I ignored my brain and wrote from the heart... and as I stood alone on the cold tile of the bathroom floor and heard the tentative sound of my own voice, my brain started to catch up, and the anxiety melted away. This is my story - a small piece of what Motherhood means for me.

I don't know if I will be selected to share my words with other people. I'm not sure I know how I will feel if it is.  Whatever the outcome, though, I am learning to speak my truth - even if it just means speaking it to myself in the quiet of the master bathroom.

Friday, March 15, 2013

A Perfect 10.

Ten years ago I started this journal - first as a way to record life events for myself and for family.  Over time, it evolved into a way to share and partake in a community of bloggers and, especially, women who provided the digital equivalent of an informal "salon" in the intellectual sense.

Today I am starting it anew.

Ten years ago I was a newly-wed and a new first-time mom, living in a two-bedroom apartment in suburban Northern Virginia.  Money was tight but we were young and invincible, and I was naively certain that the biggest challenges of my life (of which, to be fair, there had been several significant ones) were behind me.

Today, I am a stay-at-home mom to 4 kids - 3 boys and a very spoiled baby girl - living in suburban Denver.  Money is still tight but we are no longer so young.  In 2011 I was diagnosed with a Mood Disorder.  In 2012, my husband was diagnosed with Temporal Lobe Epilepsy.  Our eldest child continues to defy diagnosis, but has a collage of features from the Autism Spectrum and likely Mood Disorder.  The challenges we have faced in the last 10 years have been, at times, more than we thought we could survive, but I am no longer naive enough to expect that the hardest days are behind us.  I fully expect that the biggest challenges may be yet to come.  This no longer terrifies me.

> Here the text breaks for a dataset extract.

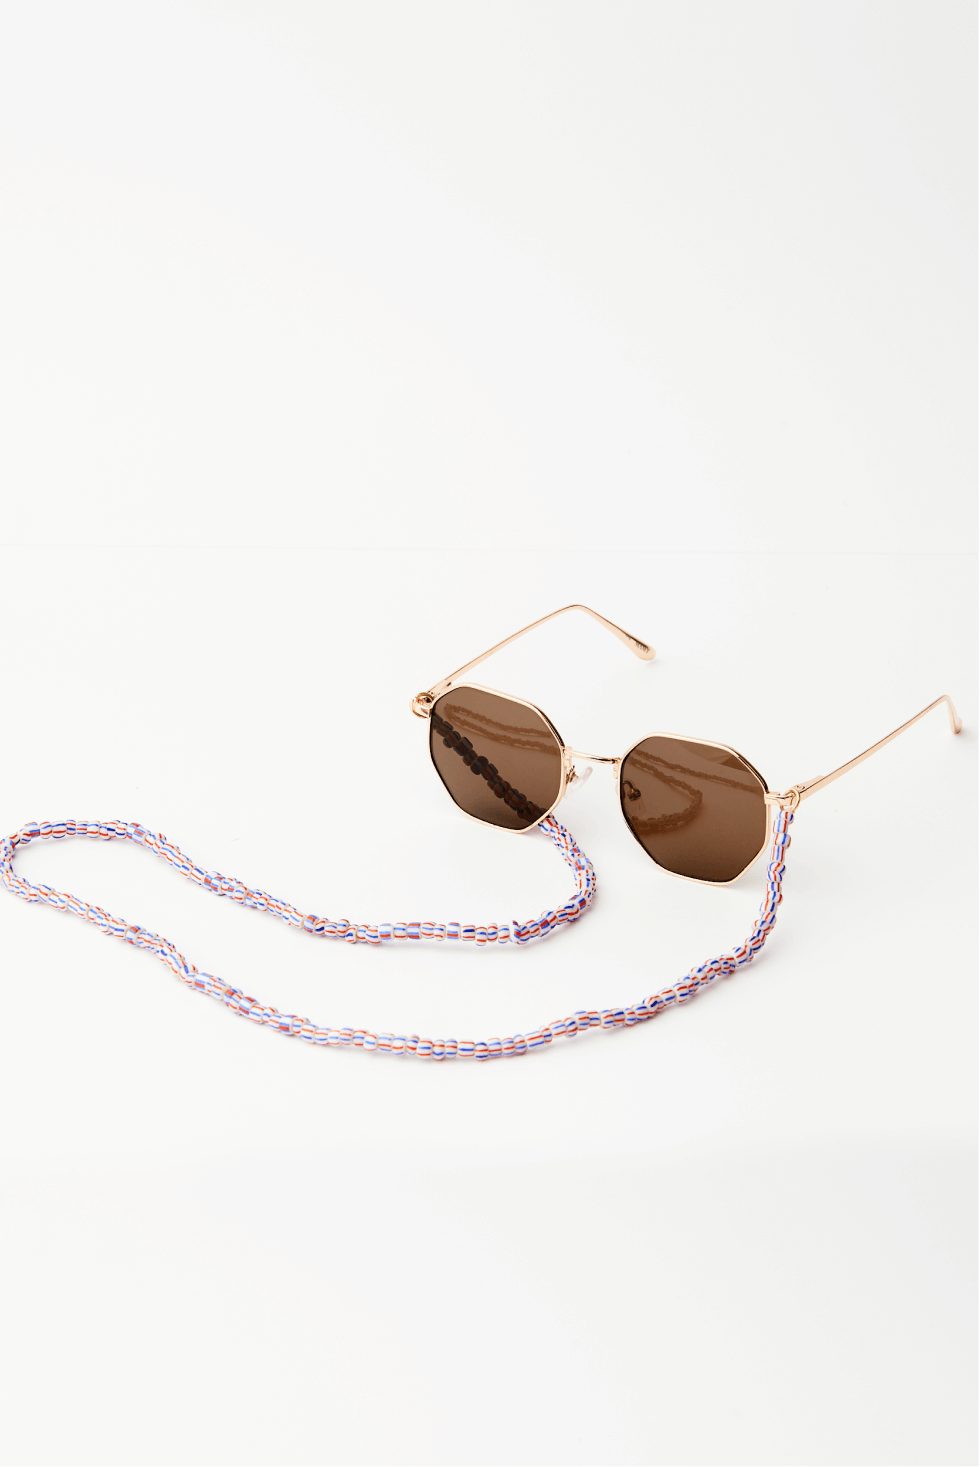 Shop The Katia Sunglasses Cord by Soluna Collections on Arrai. Discover stylish, affordable clothing, jewelry, handbags and unique handmade pieces from top Kenyan & African fashion brands prioritising sustainability and quality craftsmanship.

In the last ten years I have learned that I have a deeper well of strength than I would ever have believed possible, and a network of friends and loved ones standing at the ready to cushion my fall.  I have learned that my marriage can survive the crucible of life; for better or for worse are no longer esoteric concepts, but the realities of a life together that we continue to build and nurture every day.  I have learned that I can be imperfect, even fractured, and still be a worthy soul.  I have learned that our imperfections are what make us real.

My name is MeL and I am a mother, a writer, an artist, a baker, a cook, a yarn geek, a great friend, a terrible dancer, a confirmed weirdo and (I hope) a pretty decent person.

Ten years is forever and a blink.  If you were with me for any of the last ten, I thank you and invite you to continue this journey with me.  If you're new here - Hello! It's lovely to meet you and you look spectacular today.

Wake Up And Go

It's... been a while.  Things have changed around here.  Actually, the "here" has changed around here.  We moved last summer from our small town home outside DC to the urban-ish jungle of Greater Denver.  Oh, and we had another baby! A GIRL one!  Apparently we finally figured out how to make those!

Clearly my articulation is lacking at this moment in time.  I want to make rash promises about how THIS time I'm back for good, and THIS time I'll be full of wit and wisdom and fabulous insight, but we both know that would be premature.  I propose we take it slow.  We can get to know each other again (or for the first time) little by little.  We've both changed, right? I mean, now I'm a mother of four.  I'm still running, still cooking, and still really, really bad at laundry. I have  special needs child, a husband with epilepsy (Surprise! I'll tell you about it some time!) and a lot more gray hair.

I'm also still pretty nuts, but hopefully in a good way.